É aquela história: Melhor não perguntar como são feitas, afinal, as salsichas, as leis e, em nossos tribunais, os julgadores...
É aquela história: Melhor não perguntar como são feitas, afinal, as salsichas, as leis e, em nossos tribunais, os julgadores...
sábado, 20 de agosto de 2011
Mais uma esdruxularia a caminho, cedo ou tarde, da extinção
A notícia cujo link reproduzo acima dá conta de meritório projeto, em curso no Congresso Nacional, com vistas à extinção de esdruxularias como o exame aplicado pela Ordem dos Advogados do Brasil - OAB aos bacharéis egressos da generalidade das faculdades de Direito no País, como condição para o exercício profissional da advocacia.
O dito exame de Ordem costuma ser apresentado à sociedade como um necessário filtro aplicado aos incontáveis bacharéis formados ano a ano pelas numerosas faculdades de Direito em funcionamento Brasil afora, a fim de assegurar um adequado padrão de qualidade entre aqueles que estarão autorizados a exercer a profissão de advogado.
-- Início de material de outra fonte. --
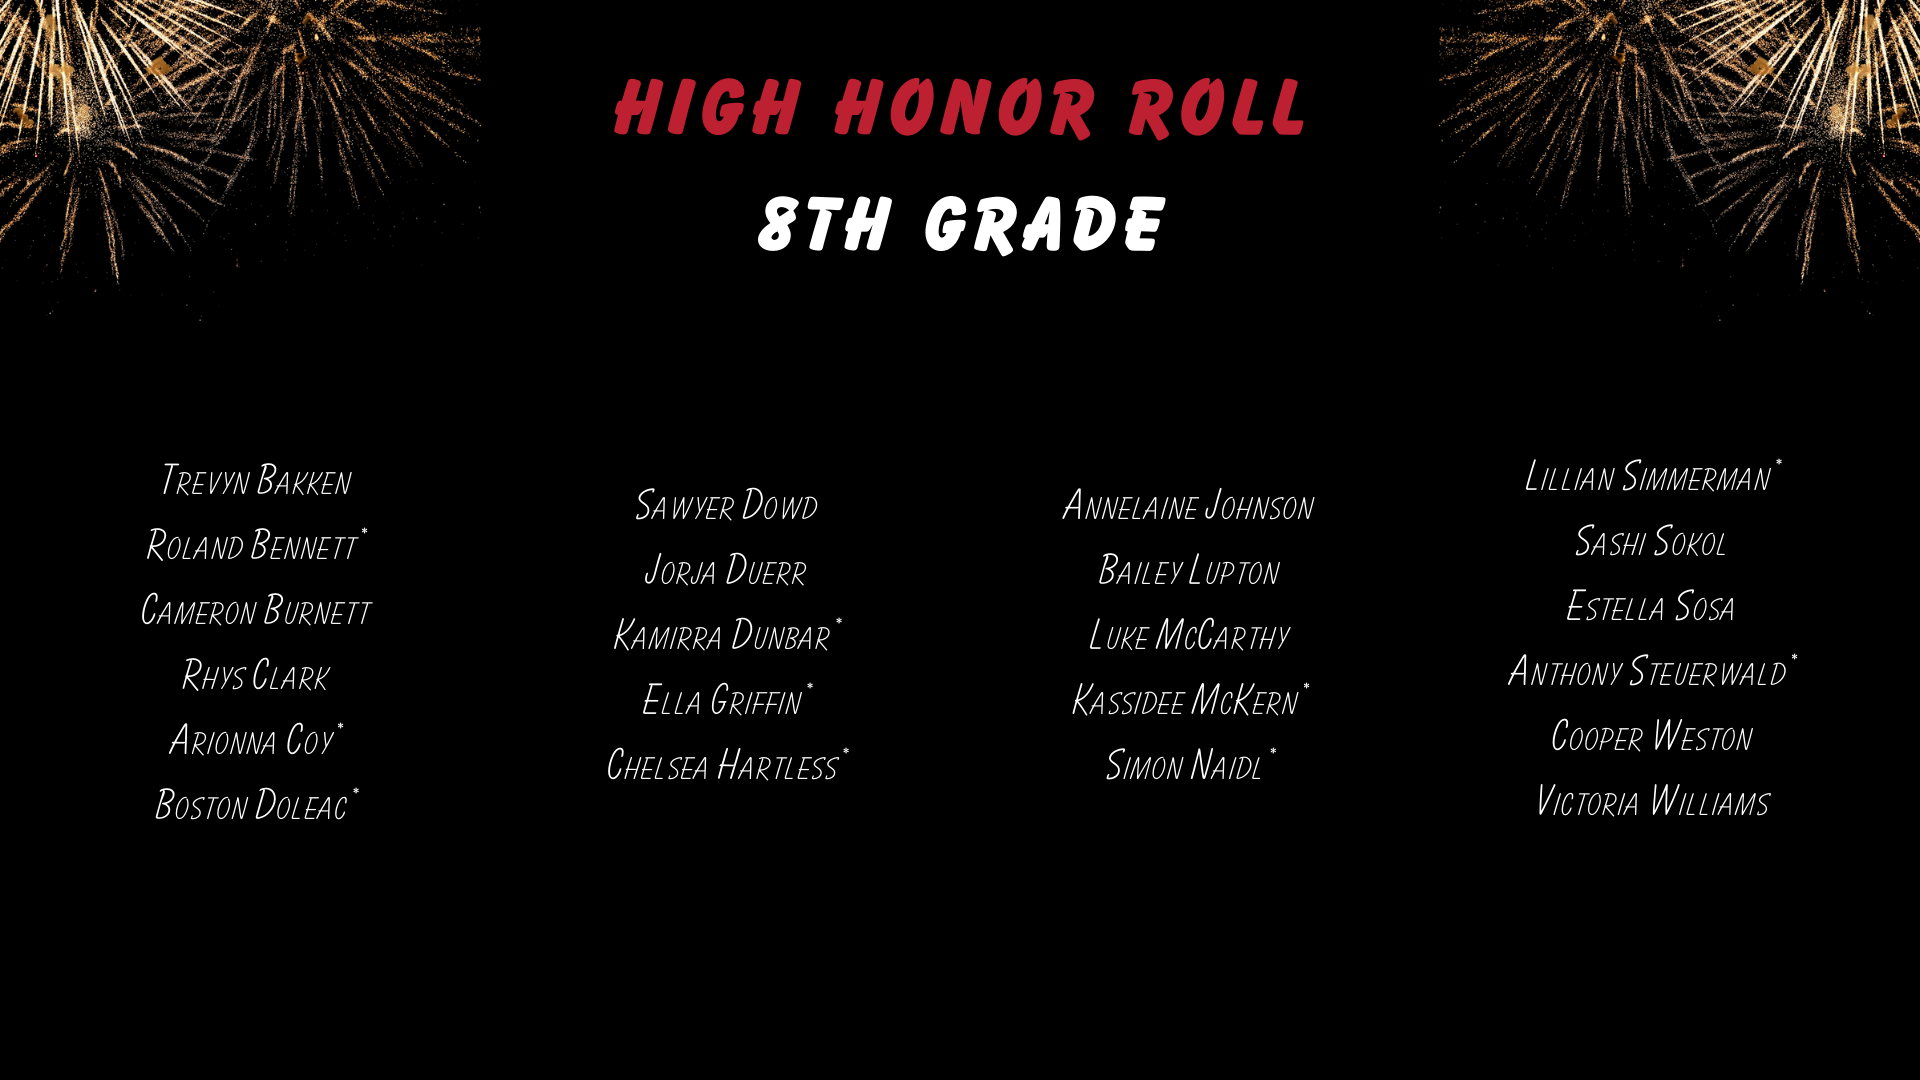 High Honor Roll 8th grade

Todavia, mercê do deformado viés de seleção e da inépcia daqueles que o patrocinam, o famigerado exame não afere formação alguma dos bacharéis, limitando-se a chancelar o adestramento de candidatos forjados em cursinhos preparatórios e quejandos.
Ademais, registre-se que a OAB posa de guardiã da advocacia tão-somente até o resultado do exame. Depois disso, omite-se vergonhosamente, nada fazendo para fiscalizar, com um mínimo de empenho e menos ainda eficiência, o exercício da profissão.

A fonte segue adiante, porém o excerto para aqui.